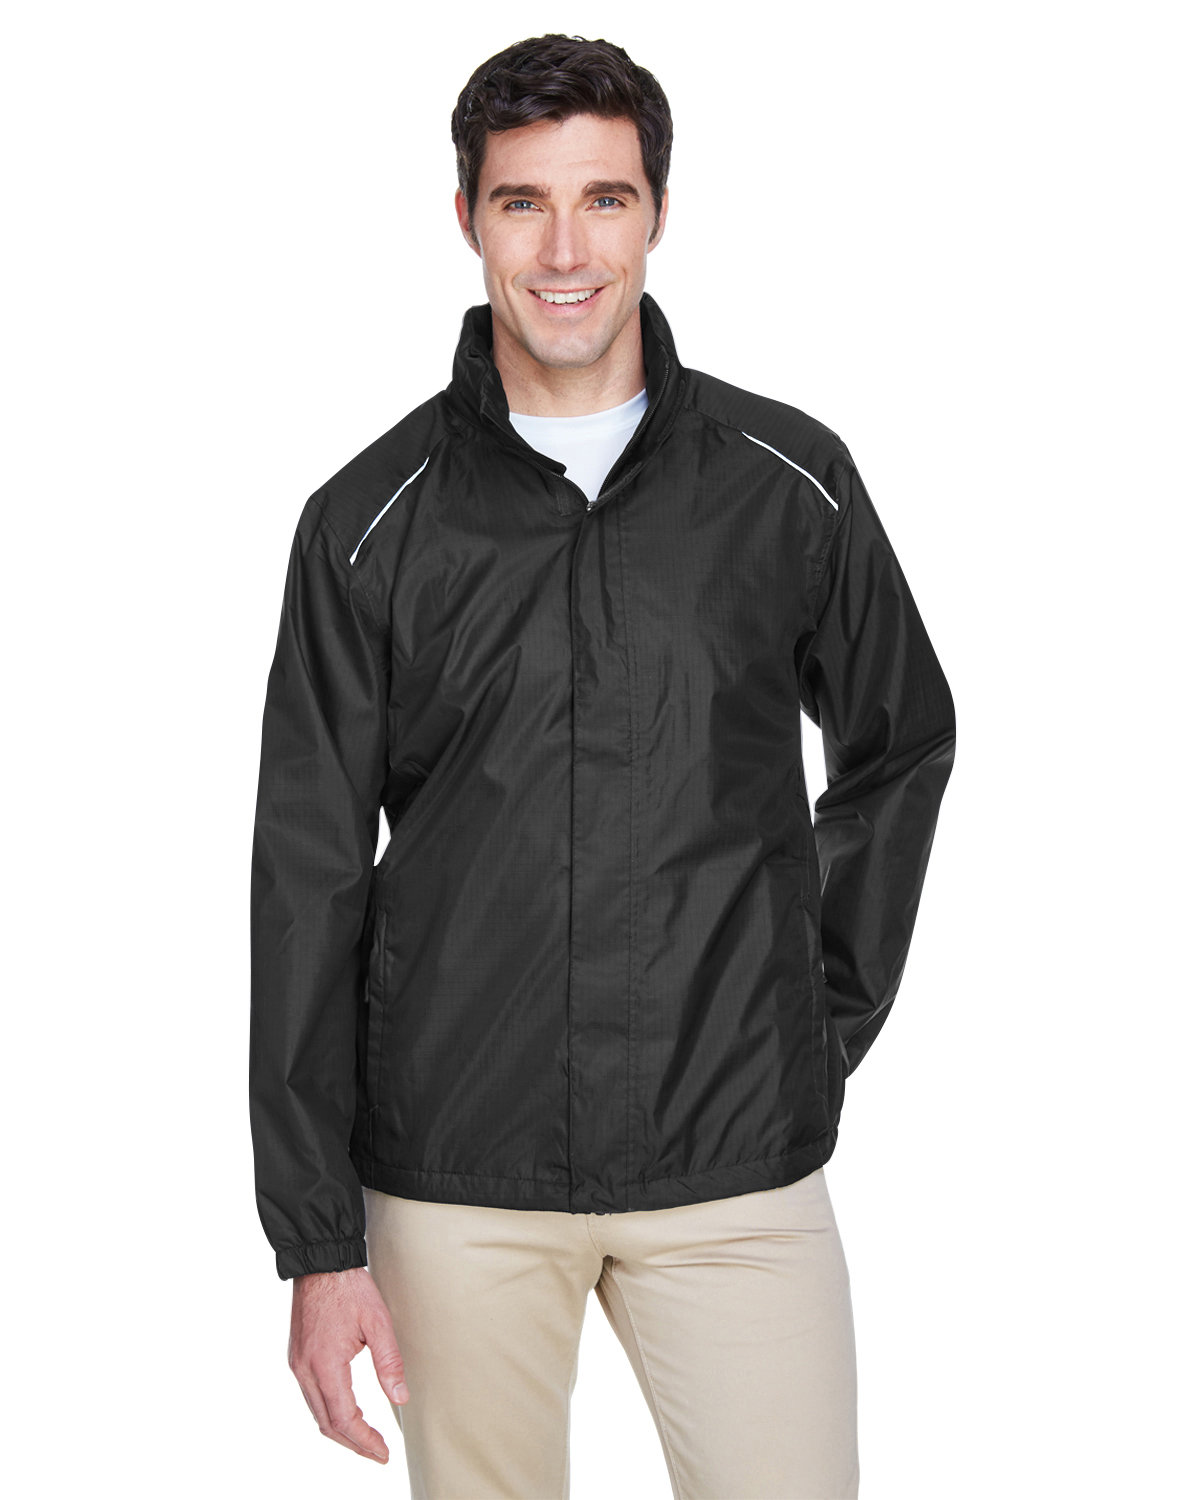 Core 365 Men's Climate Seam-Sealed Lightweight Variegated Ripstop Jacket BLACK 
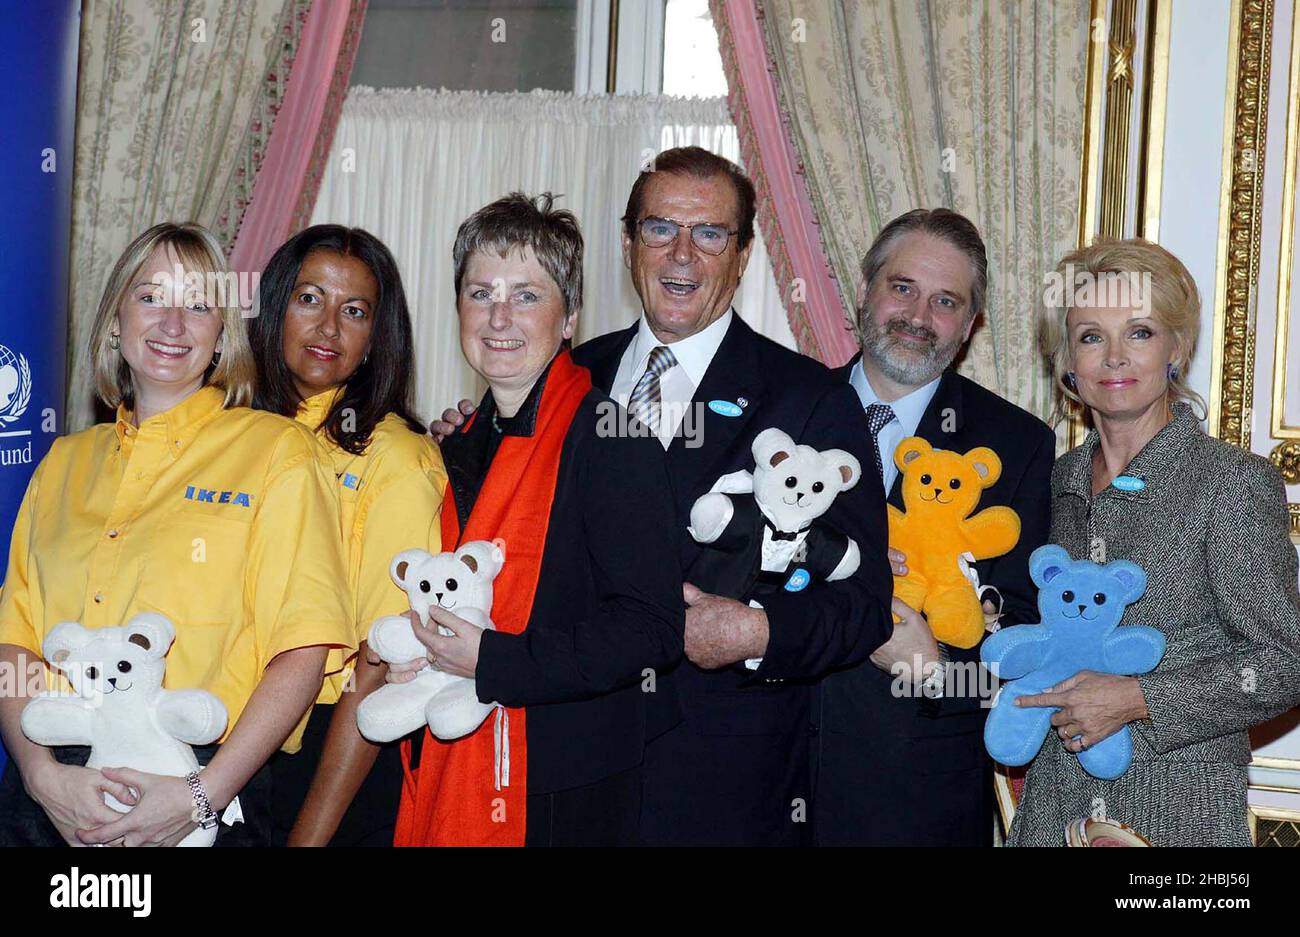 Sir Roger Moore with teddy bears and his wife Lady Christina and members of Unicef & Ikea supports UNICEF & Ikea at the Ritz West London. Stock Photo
^^^^^^^^
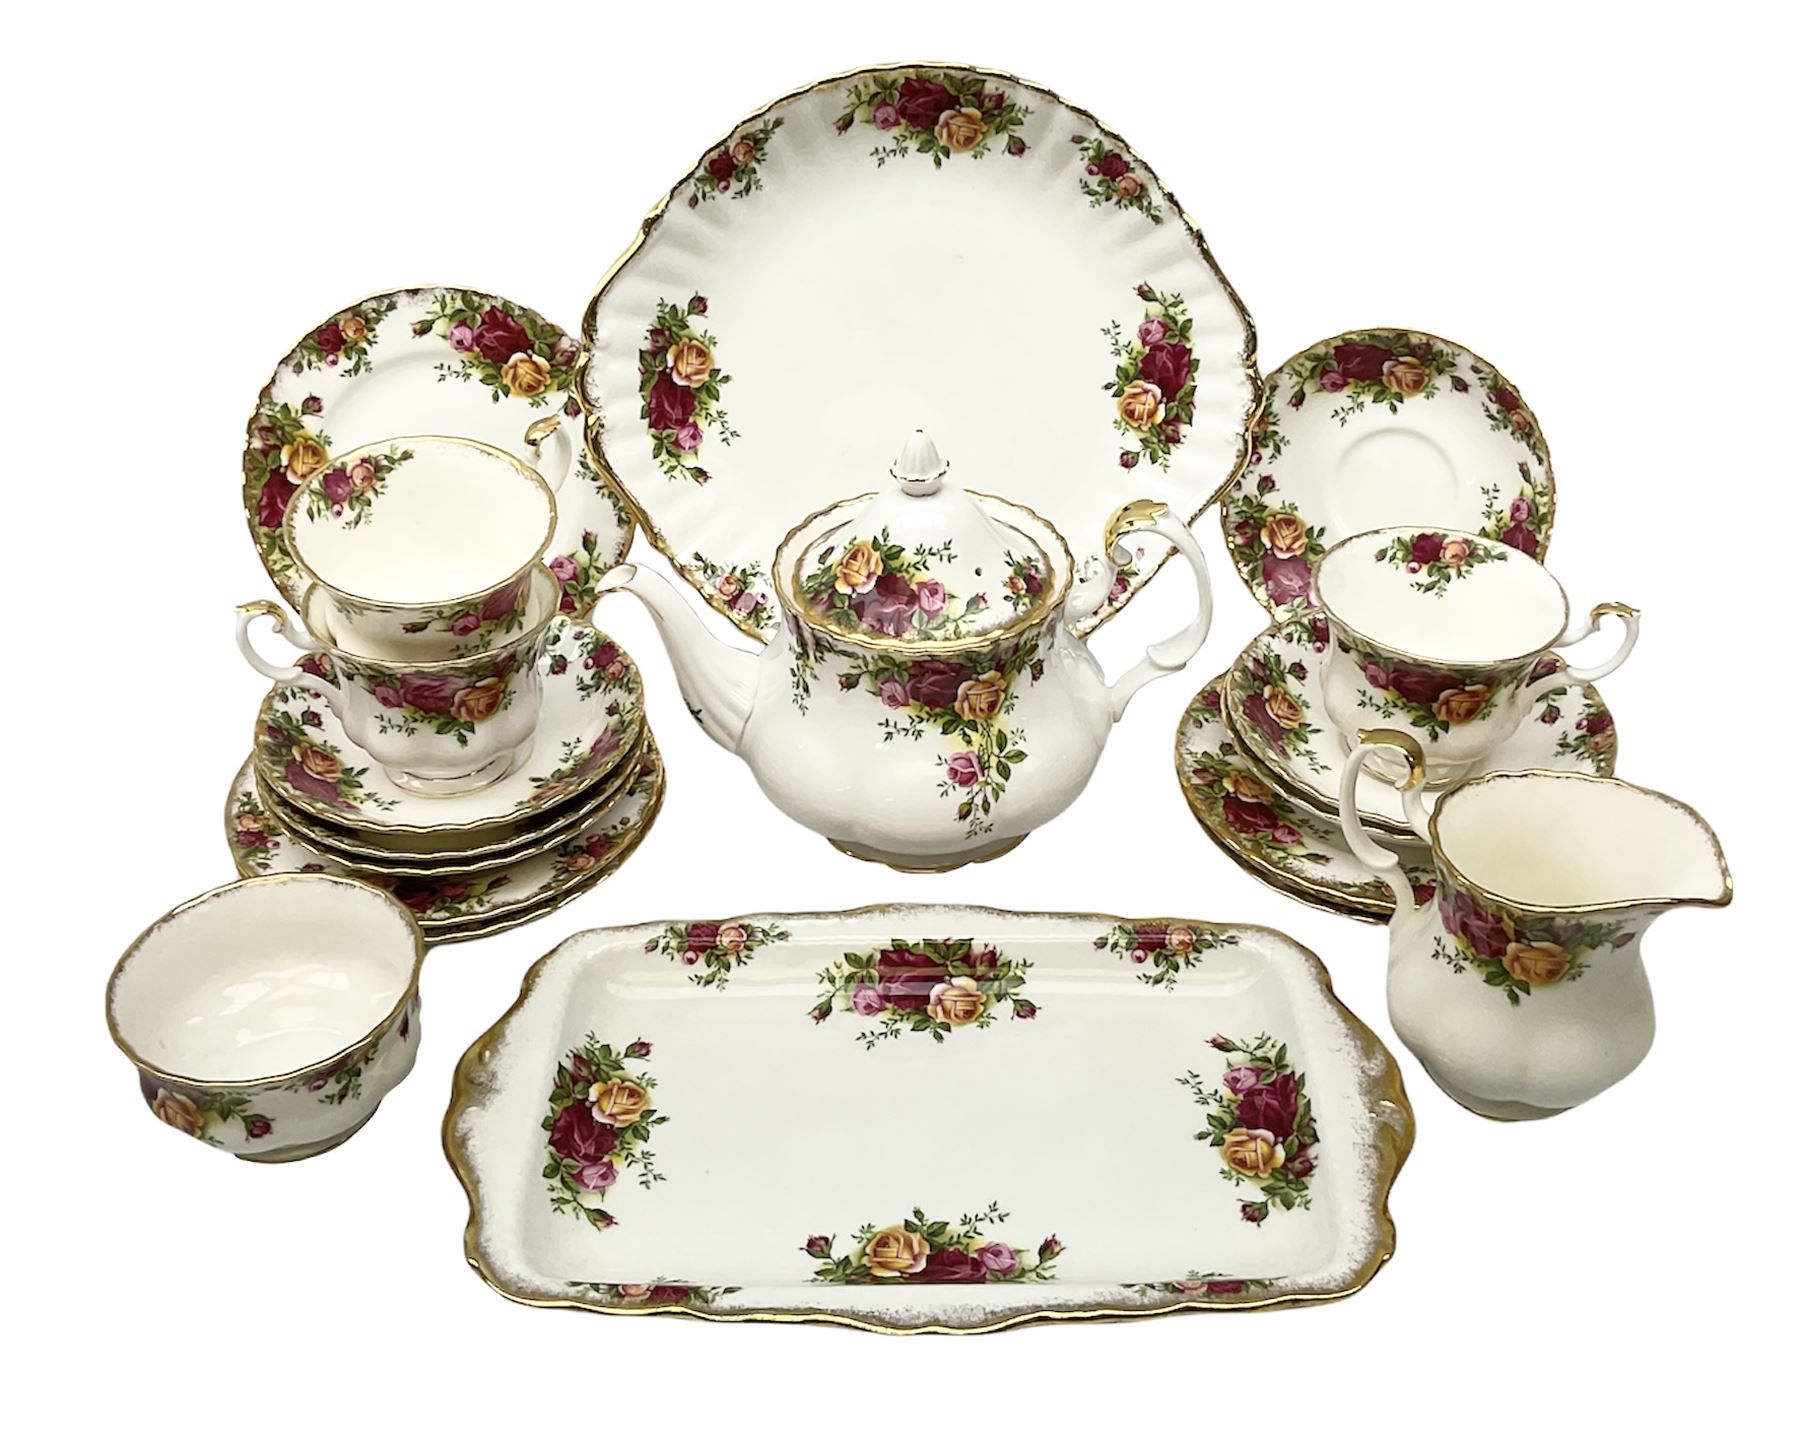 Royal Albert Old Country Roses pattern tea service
^^^^^^^^
### Task item
Reproduce the entries exactly, from the line with "Core 365 Men's" to the line with "Sir Roger Moore", both lines included, keeping no pictures.

### Answer to this problem
 Core 365 Men's Climate Seam-Sealed Lightweight Variegated Ripstop Jacket BLACK 
 Sir Roger Moore with teddy bears and his wife Lady Christina and members of Unicef & Ikea supports UNICEF & Ikea at the Ritz West London. Stock Photo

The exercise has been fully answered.